In the preliminary round of ASC20-21, a cloze style dataset is provided. The dataset is collected from internet and contains multi-level English language exams used in China for high school, and college entrance exams: CET4 (College English Test 4), CET6 (College English Test 6), and NETEM (National Entrance Test of English for MA/MS Candidates). Part of the data comes from public CLOTH dataset. There are 4603 passages and 83395 questions in the training set, 400 passages and 7798 questions in the developer set, and 400 passages and 7829 questions in the test set. The participants should design and train their neural network to achieve the best performance on the test set.

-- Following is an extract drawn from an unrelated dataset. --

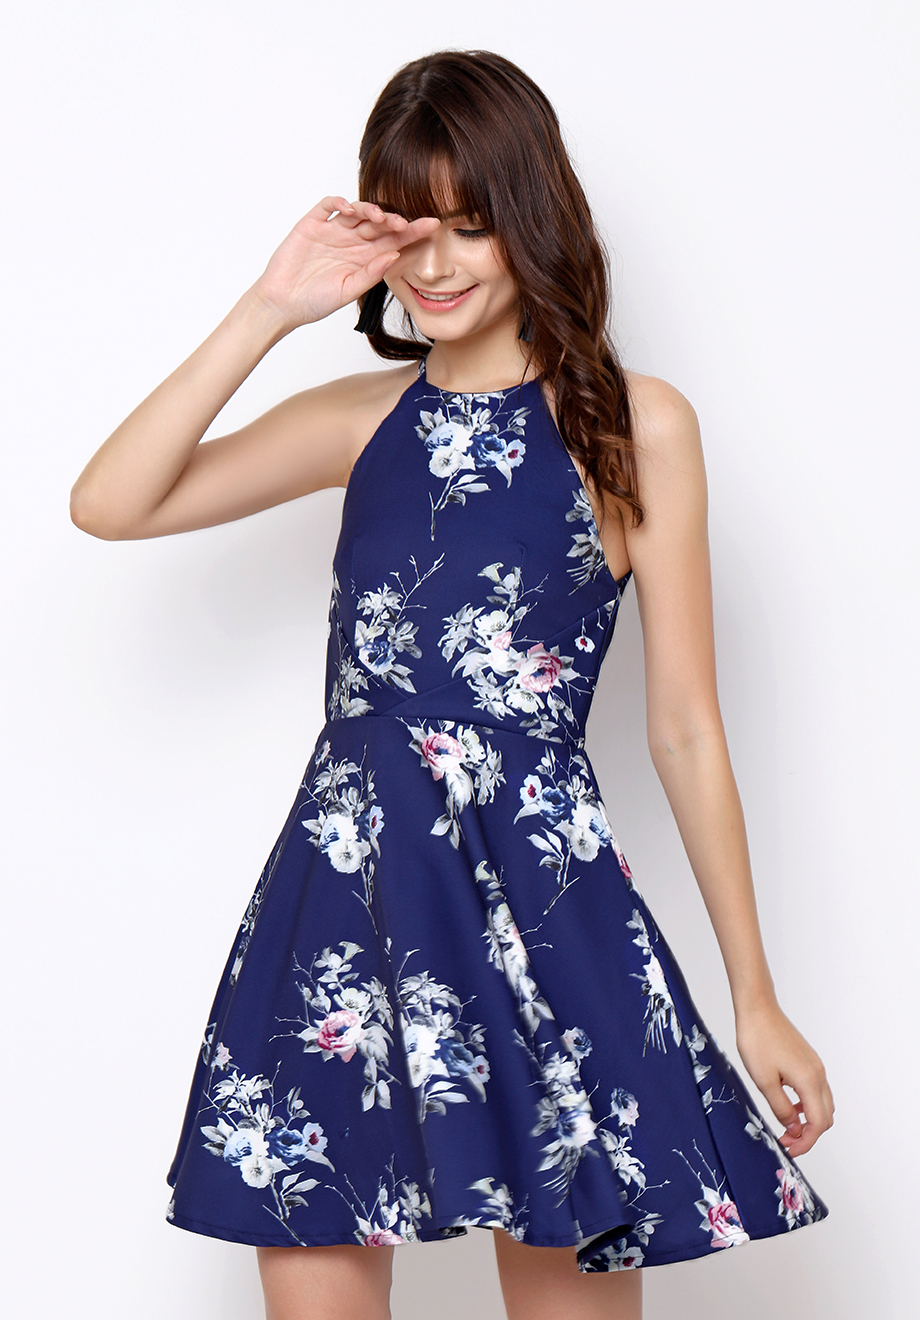 Chocochips Boutique Marino Dress Blue Quick View
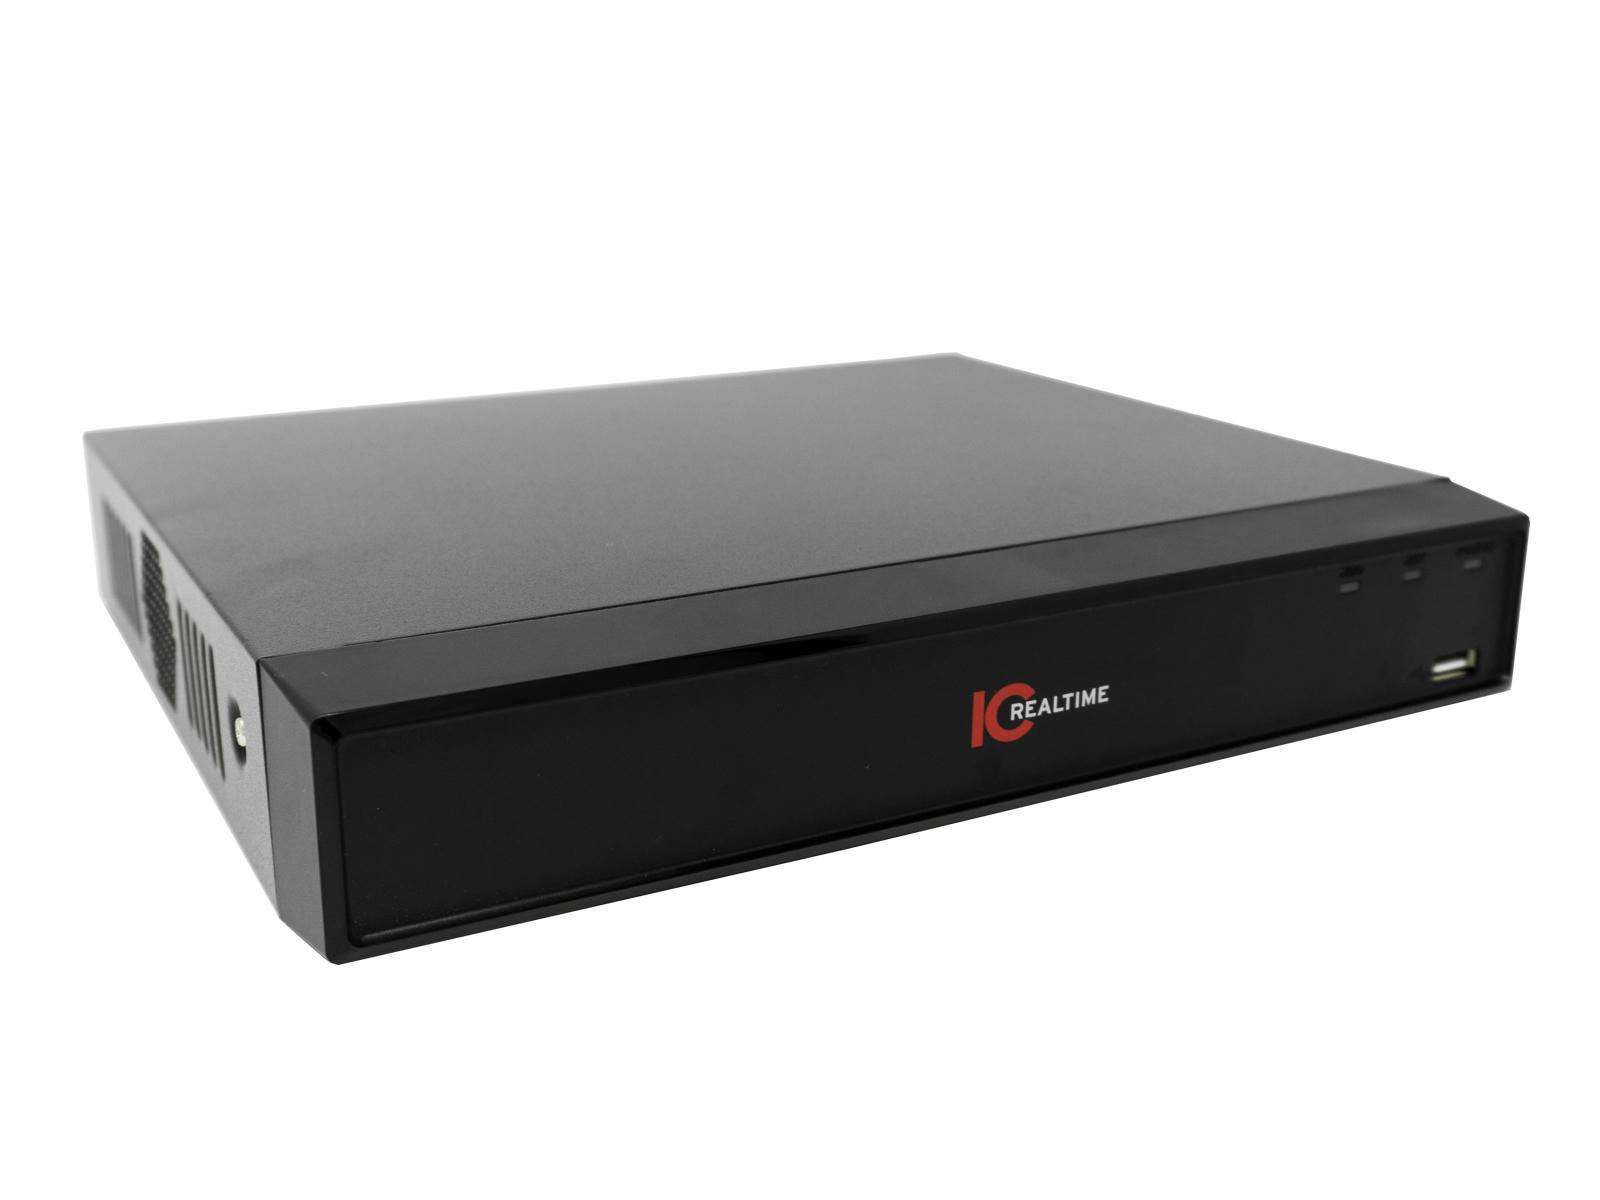 ICRealtime NVR-208NS 8 Channel 1U Shelfmount NVR/8 Port POE Switch/up to 6TB capacity

Complete the “Complete Fill-in-the-blank” task using the Bert model
- introduce the "wordnet" knowledge base as a secondary weight in prediction
- Use model integration, including Bert, Albert, T-5
In final we reached 92.53% accuracy on dev dataset.
Here is the directory structure :
- LE:Root directory
- test:A single json file contains answers for test set.
- script:PyTorch source code here
- model:PyTorch model here
Because we have used Ensemble Learning strategy,there are many generated files in the ./LE/model and ./LE/script directories.
in this directory,there saved all PyTorch model we have trained.
model_name-all:representing for model trained with full train dataset
model_name-n:representing for the no.n base learner model trained with re-sampling dataset.
bert-base-uncased-none:representing for model trained without WordNet
bert-base-uncased-wn:representing for model trained with WordNet
we have submitted scripts of three different models.
codes about Albert model
codes about Bert model
codes about T5 model
here are files record scores of base learner for each option.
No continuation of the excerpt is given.